Exercise details> Below are the records; extract from them the line containing "features of radio communication" to the line containing "BNIB: PB2 for", both lines included, exactly and with no pictures.

Records to use>

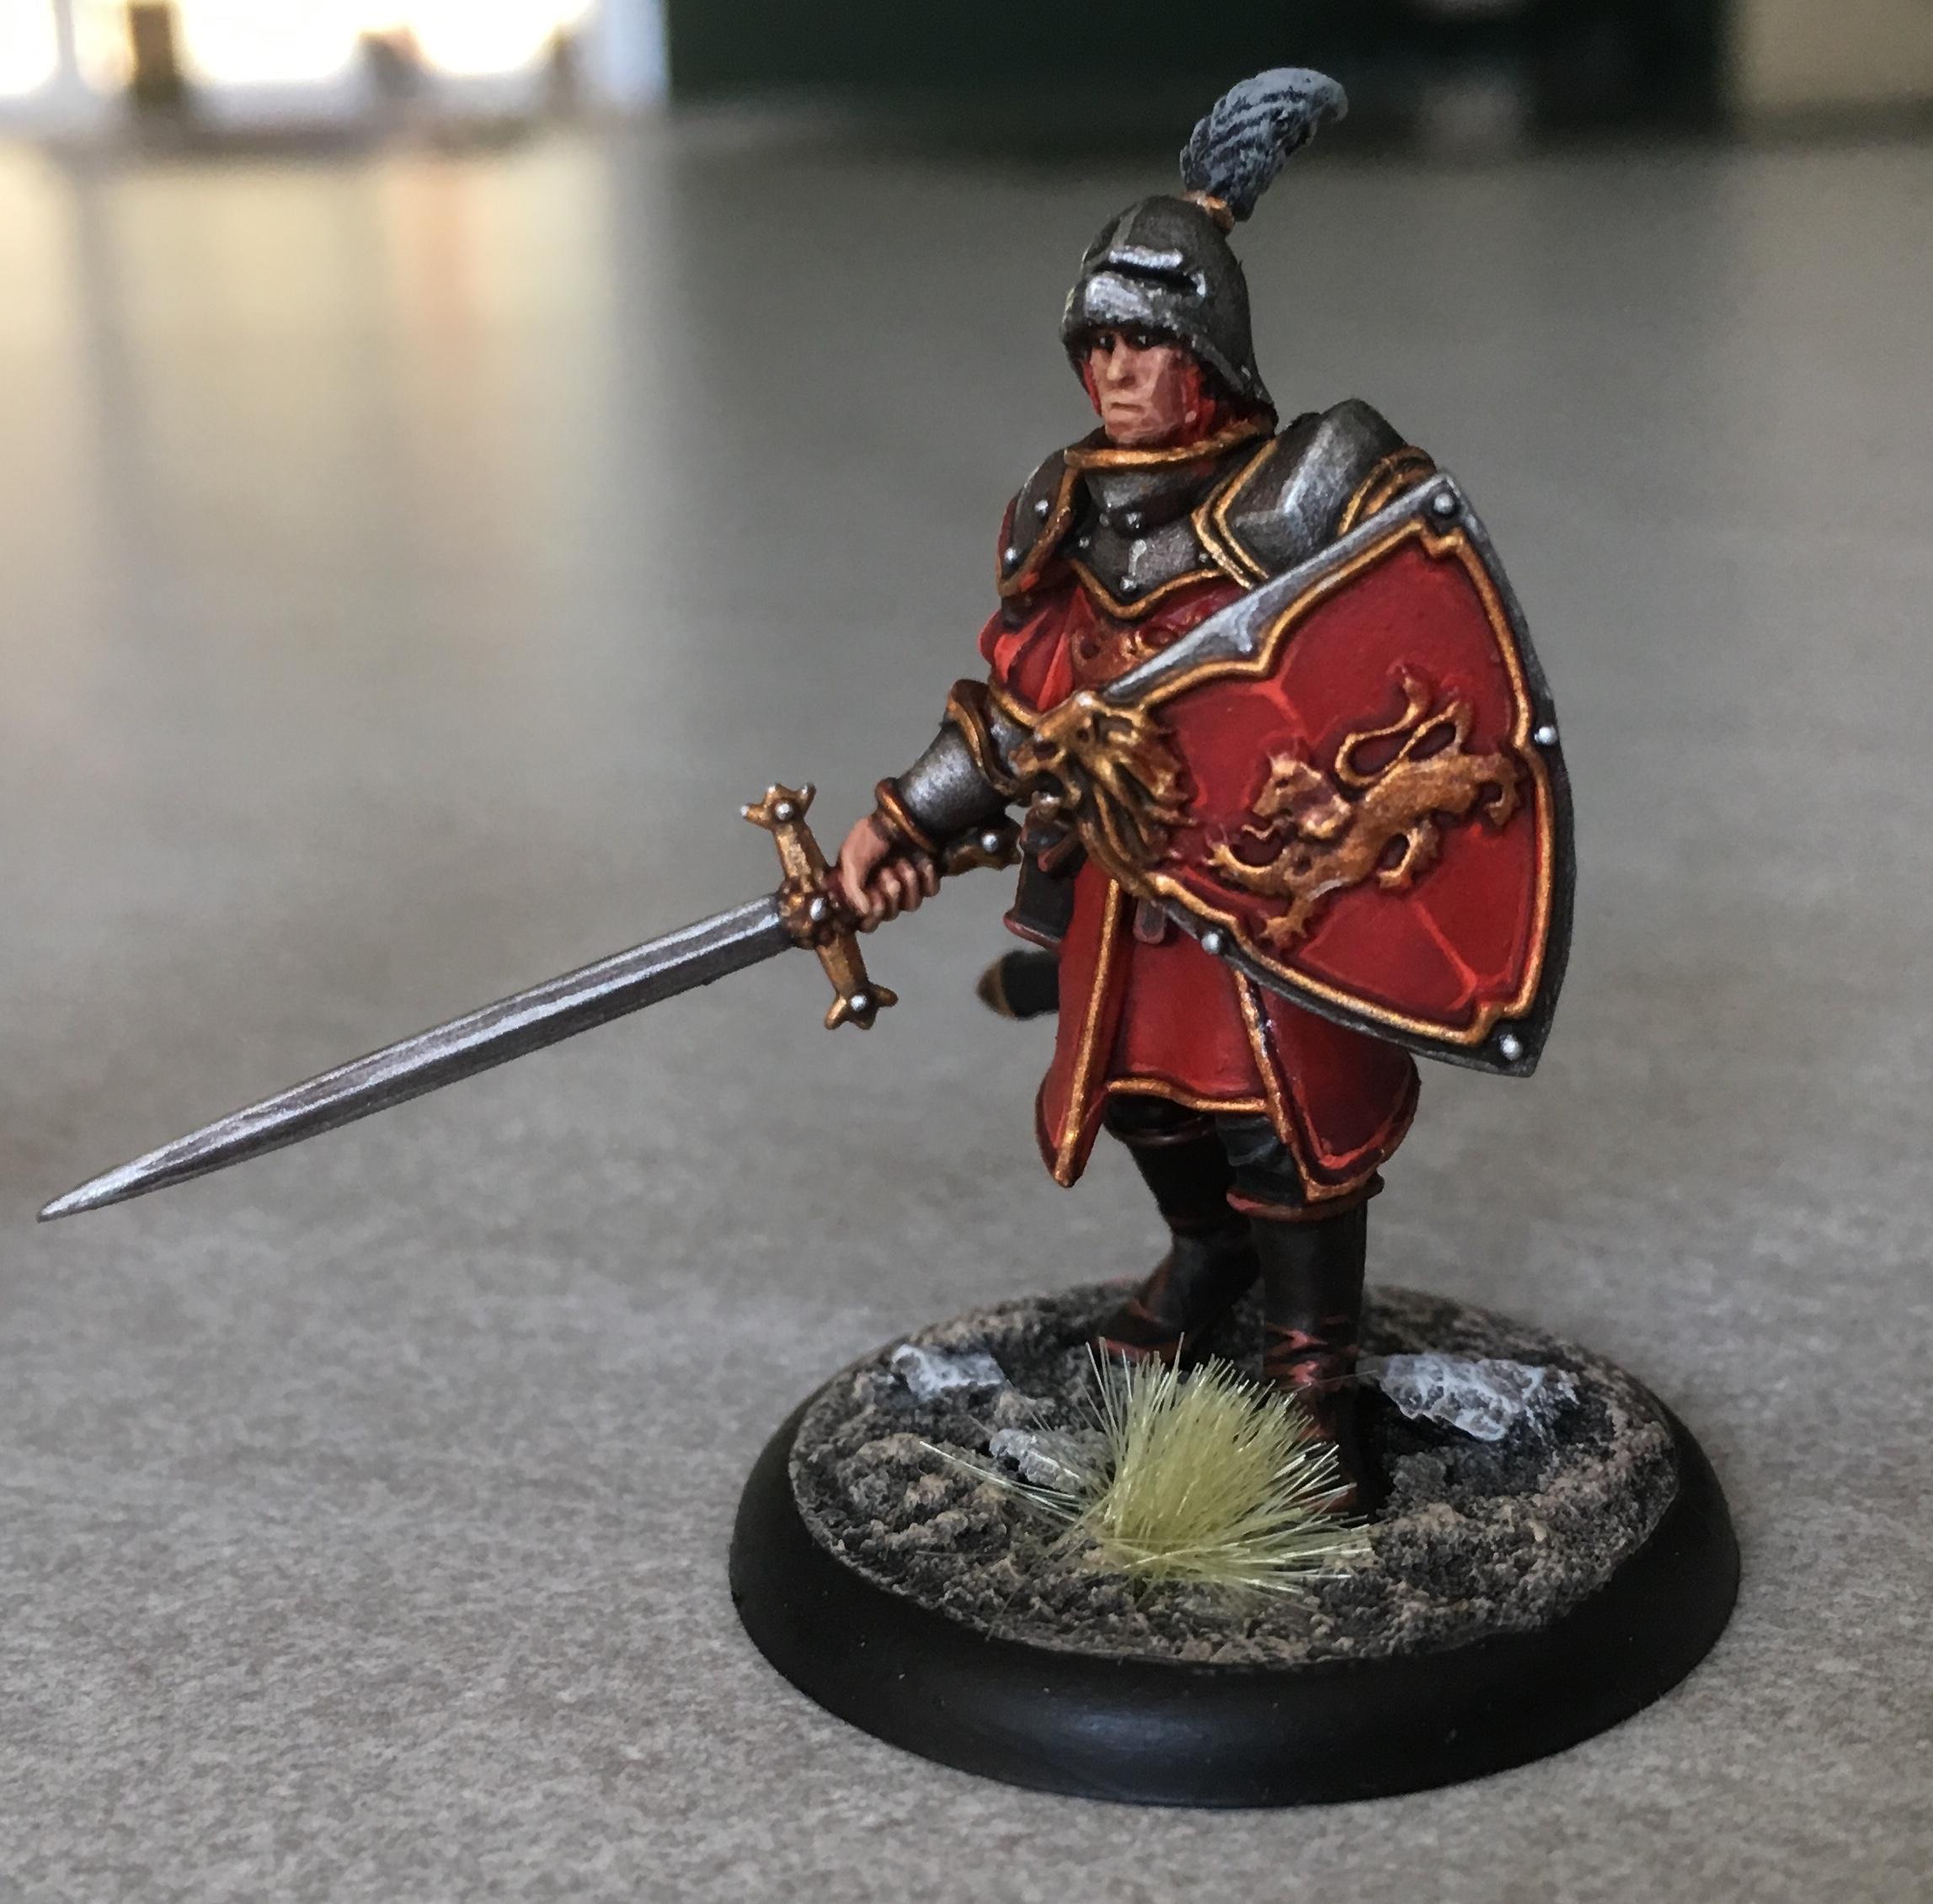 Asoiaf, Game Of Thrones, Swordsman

* * *

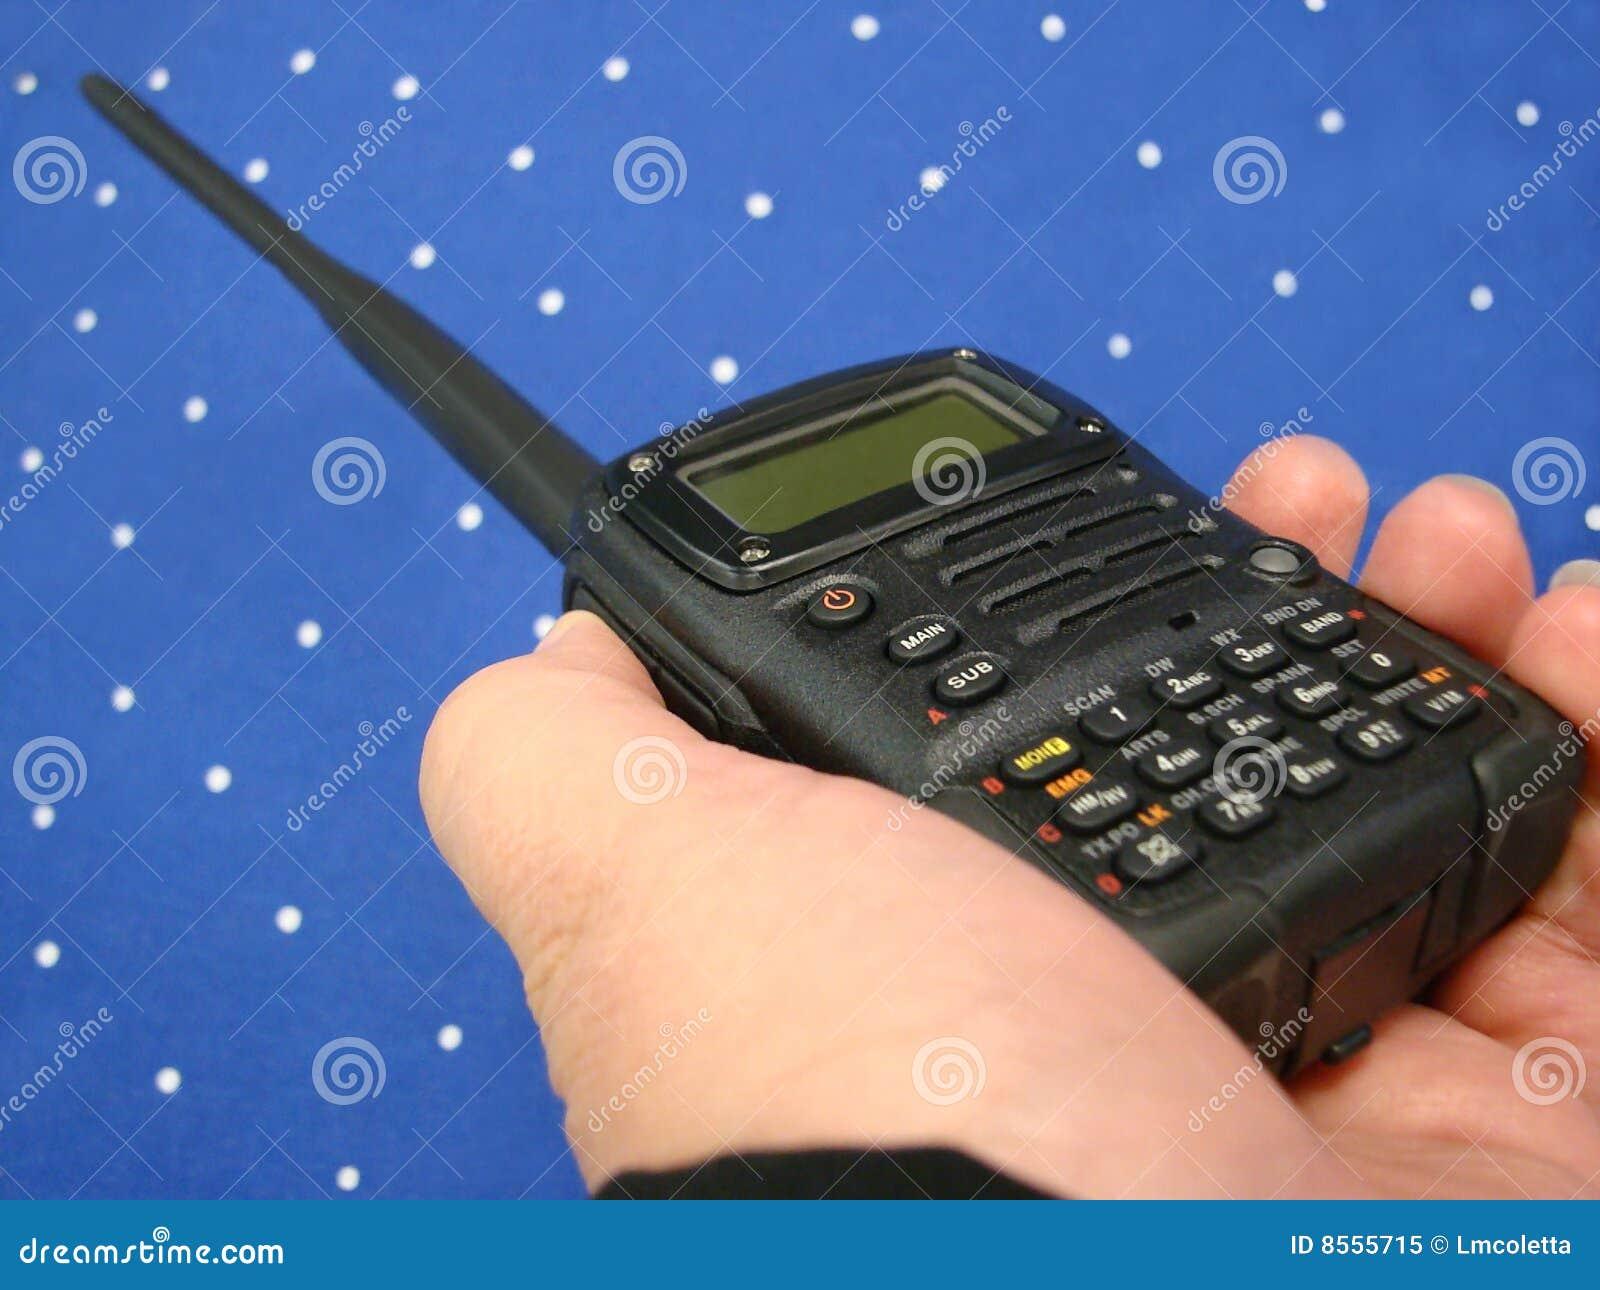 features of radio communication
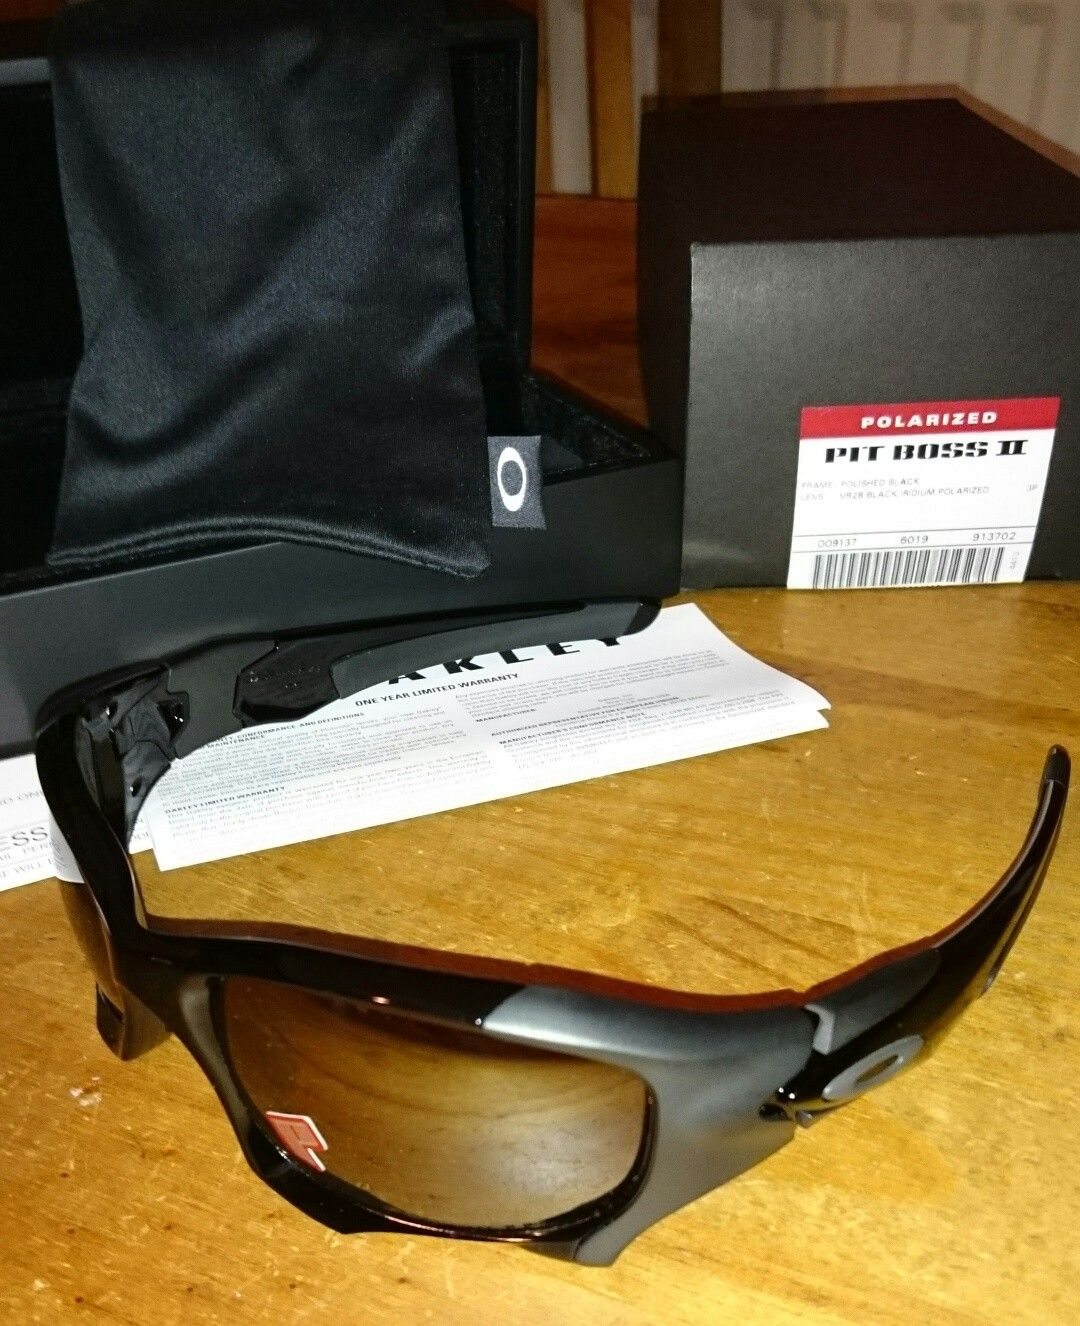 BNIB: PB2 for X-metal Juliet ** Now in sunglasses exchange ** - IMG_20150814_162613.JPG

Written reply>
 features of radio communication
 BNIB: PB2 for X-metal Juliet ** Now in sunglasses exchange ** - IMG_20150814_162613.JPG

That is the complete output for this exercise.